The moment saw touched wood something happened in my mind. I didn’t struggle to follow the shape. Instead of cutting the angel out, I cut out pieces of wood. Like puzzle pieces. I barely noticed as they fell to the ground at my feet. Instinct—or was it something else?—guided my hand on the saw.
When I was finished I gathered up all the pieces. Over the next three weeks I arranged them and glued them together until—to my complete surprise—I had a wooden angel. It wasn’t the angel in my drawing. It wasn’t the angel who held Collin. It was my angel.
“You did it, Bill!” Shannon cheered.
I could barely remember putting the angel pieces together. But I remembered that feeling as I put the saw to the wood, of someone else guiding my hand.
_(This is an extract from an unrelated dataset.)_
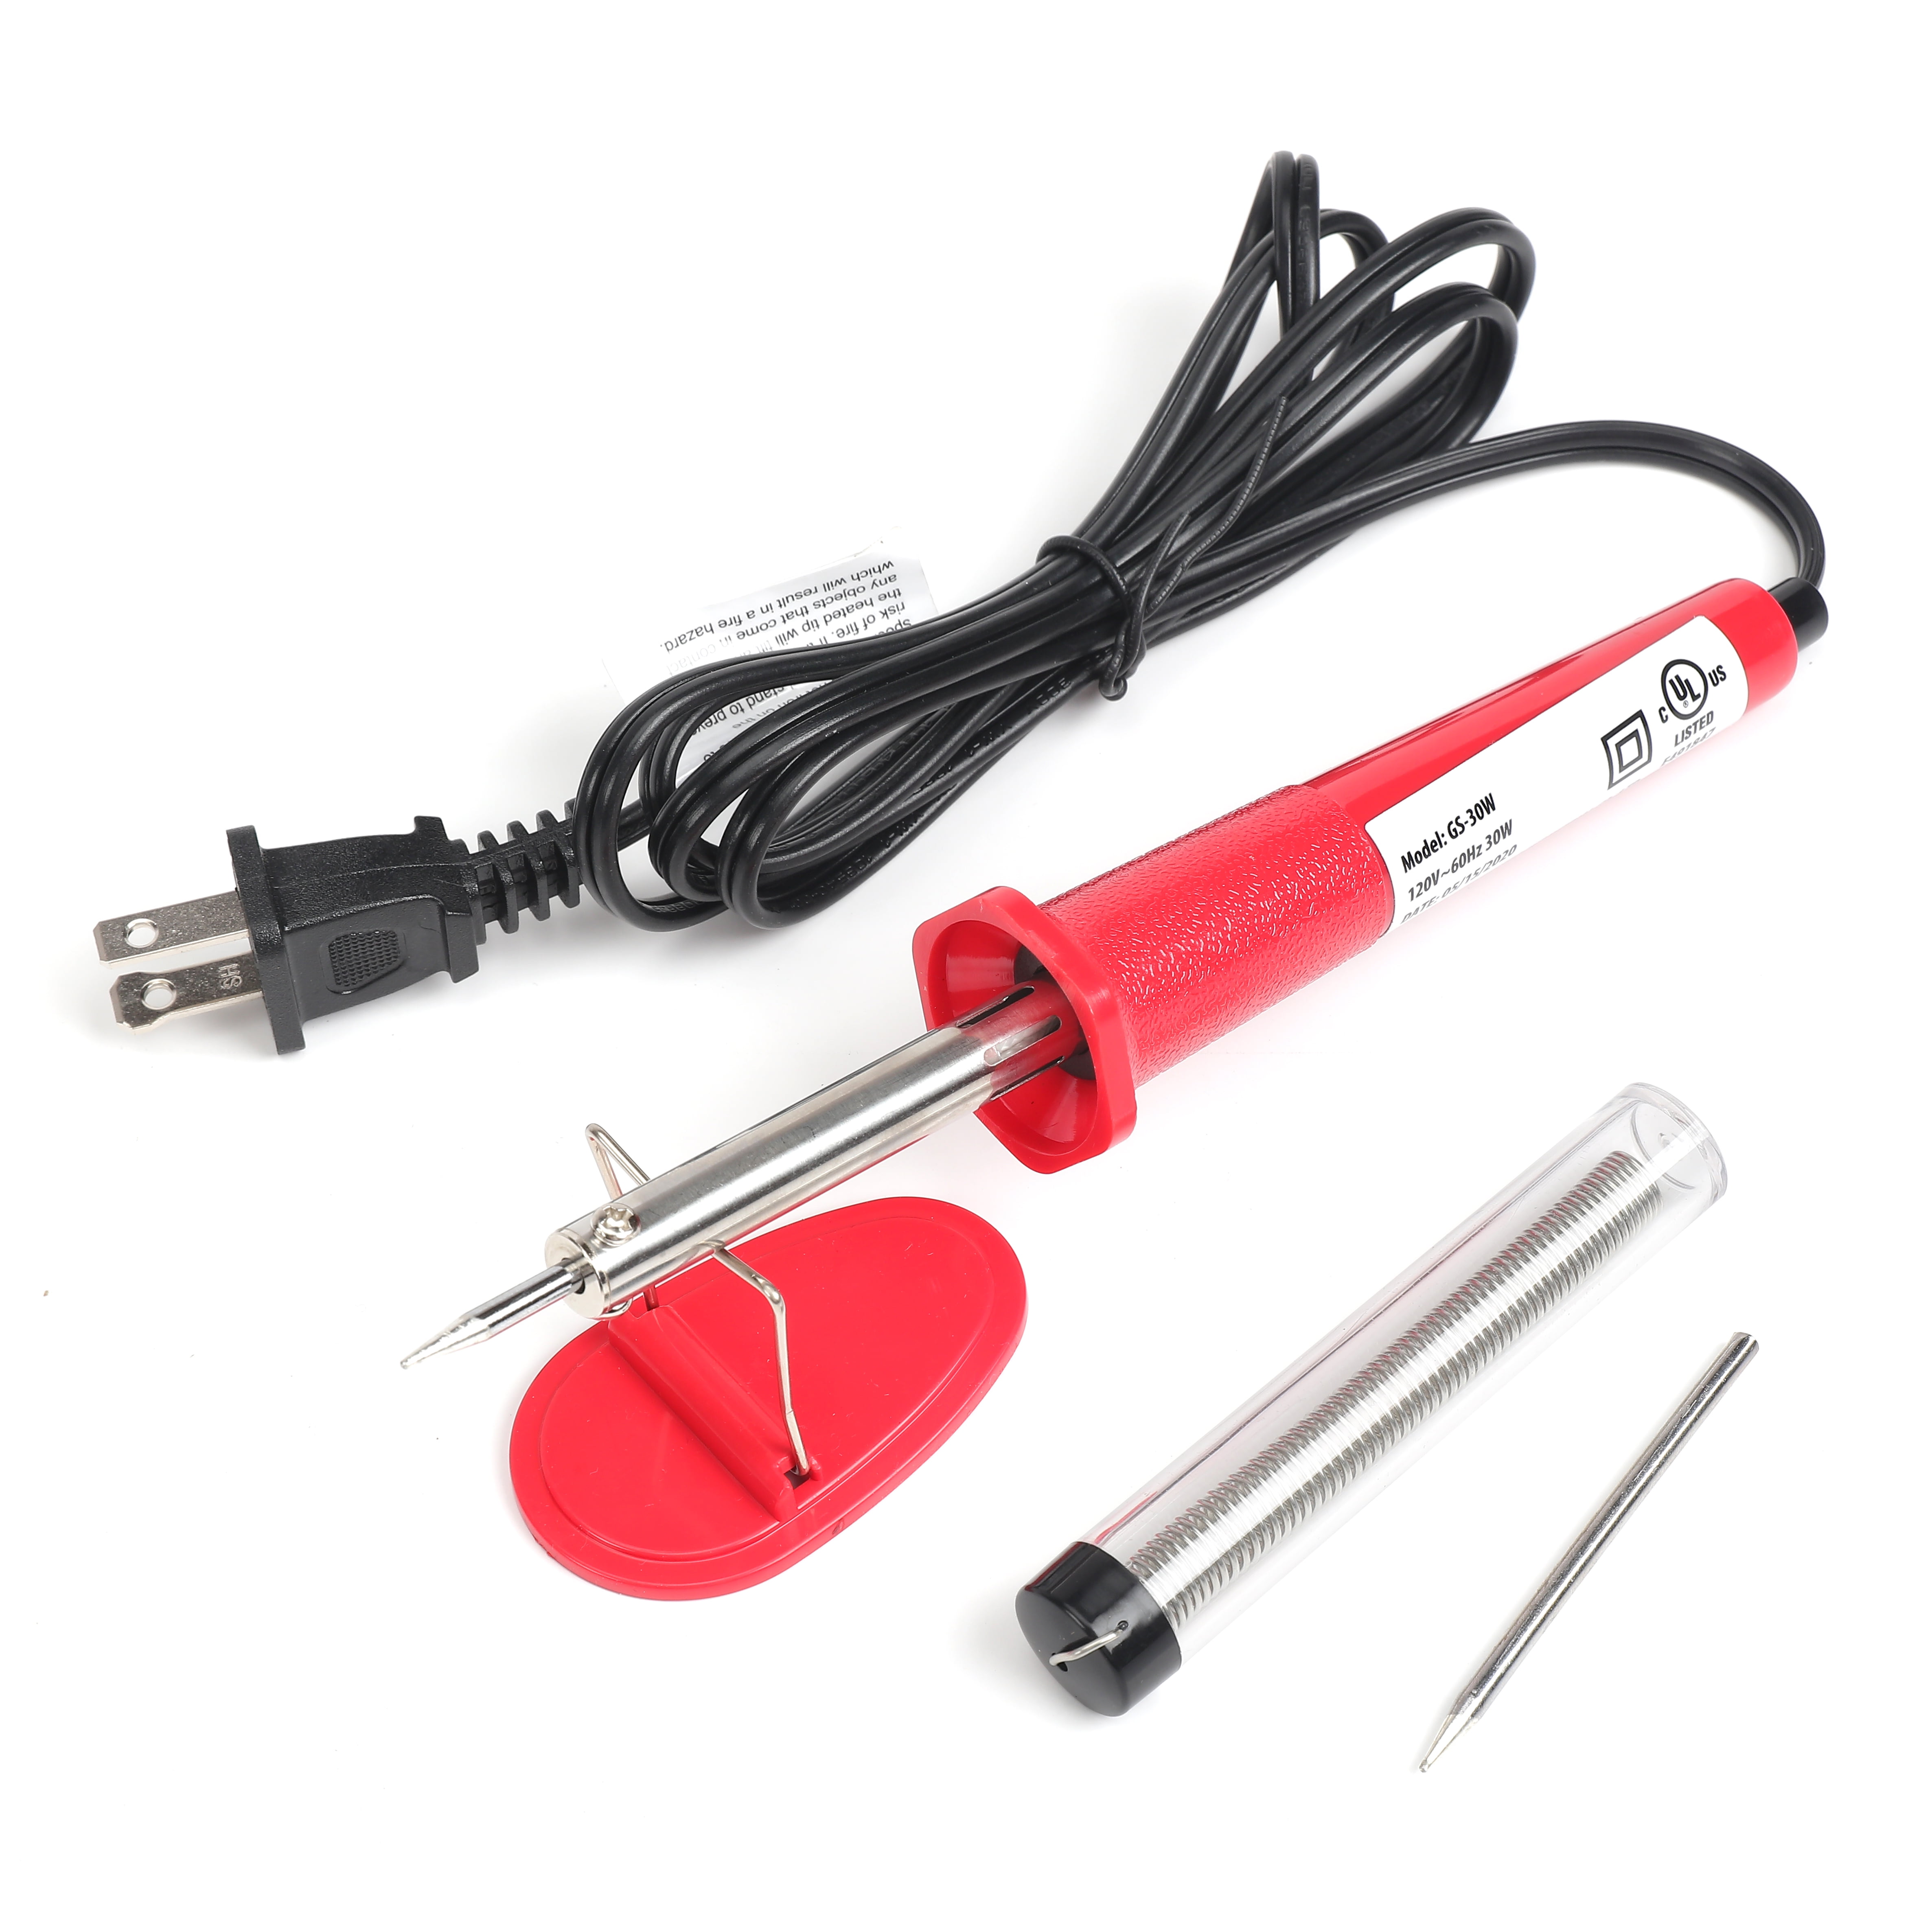 30W Soldering Iron Electricals Home DIY Tool New

This was my new beginning.
I made more angels. Shannon glazed them, and we gave them to friends, to family, to everyone who had helped me come so far in my healing.
Eventually Shannon showed them to friends who ran a gift store in Ventura. They gladly took some to sell on consignment. When the store was featured on the local news, my angels were front and center.
I still make angels every day. I go into my shed, close my eyes and say a prayer. Then I let my artistic angel (who is quite handy with a scroll saw) create through me.
I’ve learned to face life the same way I face those jigsaw puzzle-like blocks of wood. With prayer and trust in my angel. The darkness doesn’t seem so scary these days—to Collin or to me.